**EXERCISE BRIEF**: Below are the entries. Print only the lines starting at the one with "FEMALE LION (PANTHERA" and ending at the one with "Heraldo de Aragón SB 17 ENERO 2020", exactly, with no pictures.

**PROVIDED RECORDS**:
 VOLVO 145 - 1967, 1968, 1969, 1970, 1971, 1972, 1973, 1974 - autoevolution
---
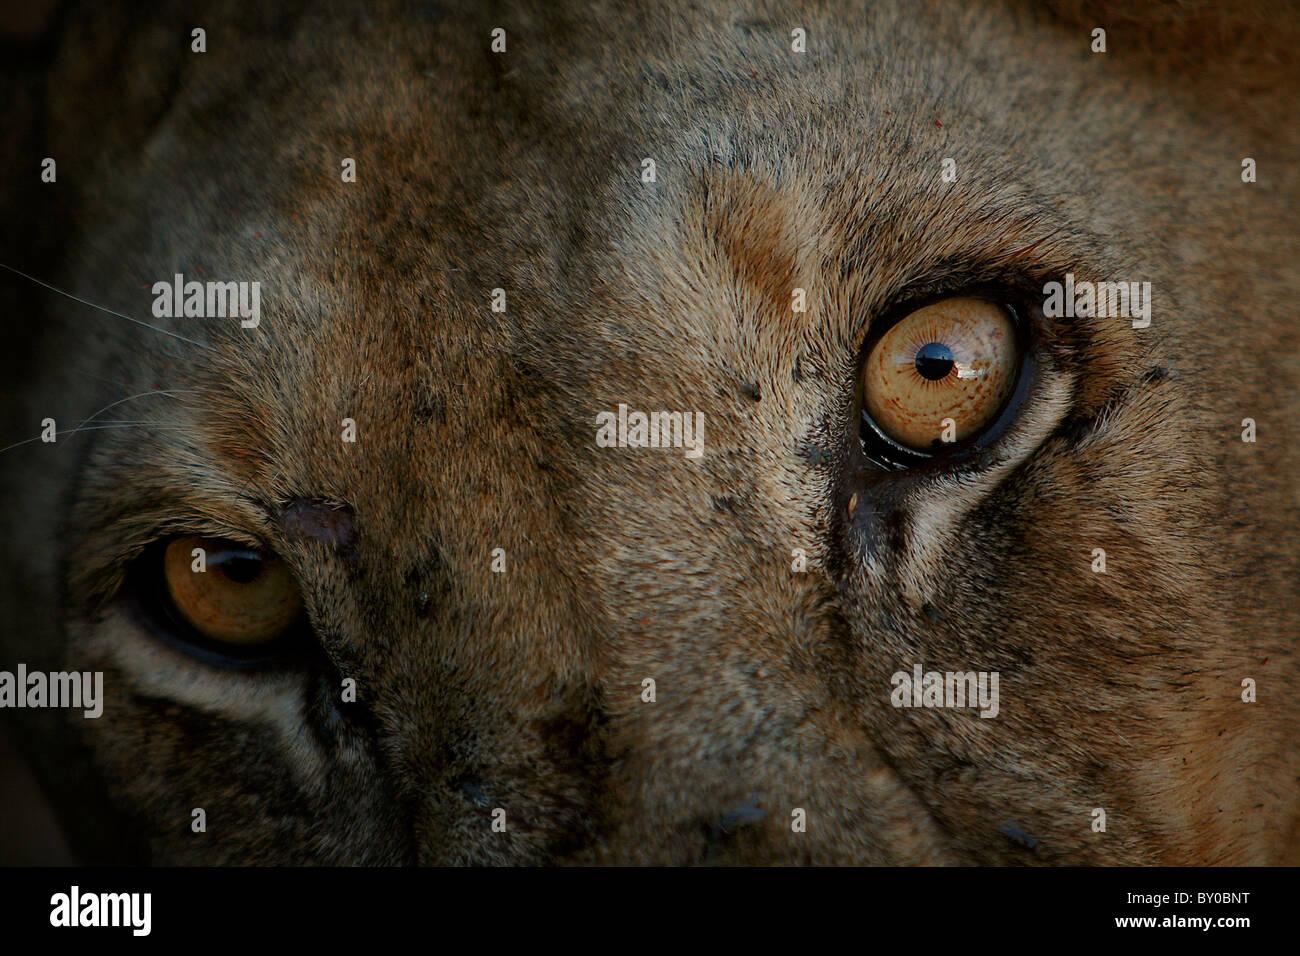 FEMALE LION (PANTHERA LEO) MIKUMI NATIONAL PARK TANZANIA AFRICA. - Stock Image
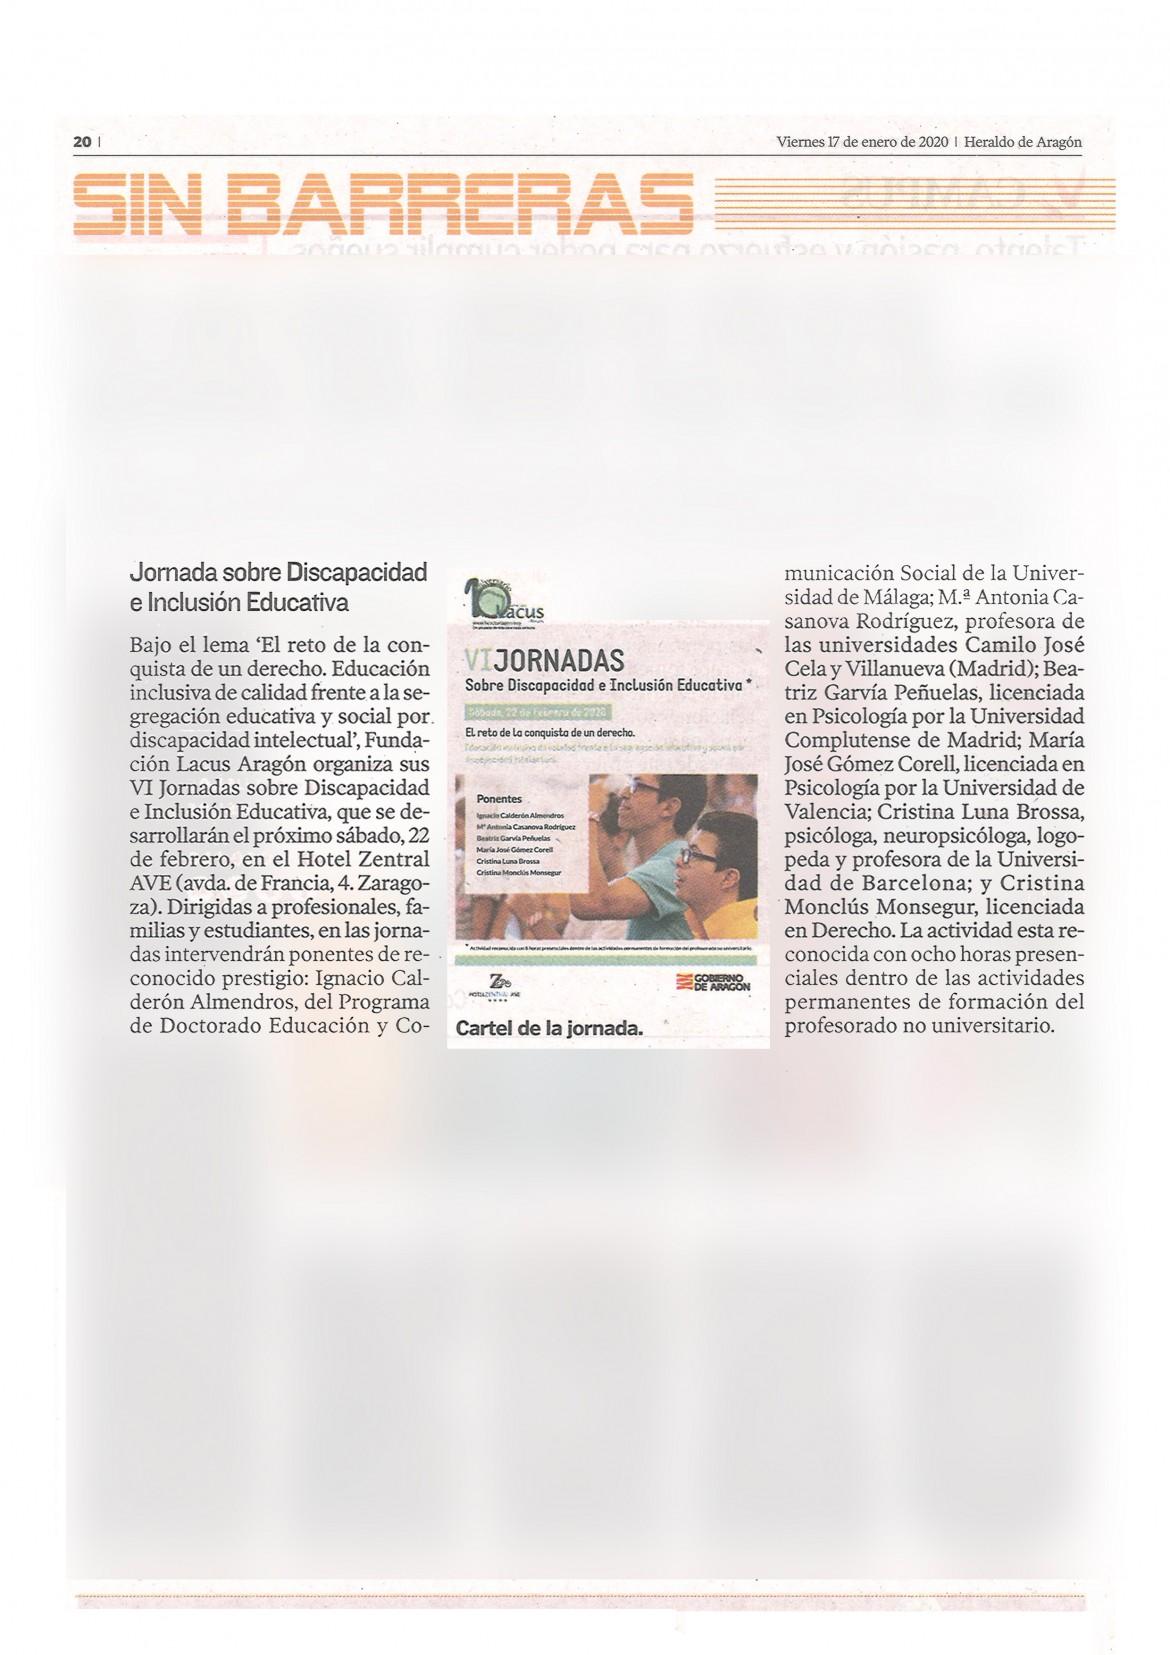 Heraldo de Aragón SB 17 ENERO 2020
...
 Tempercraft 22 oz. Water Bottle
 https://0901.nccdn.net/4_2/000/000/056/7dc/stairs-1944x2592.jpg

**RESULT OF THE TASK**:
 FEMALE LION (PANTHERA LEO) MIKUMI NATIONAL PARK TANZANIA AFRICA. - Stock Image
 Heraldo de Aragón SB 17 ENERO 2020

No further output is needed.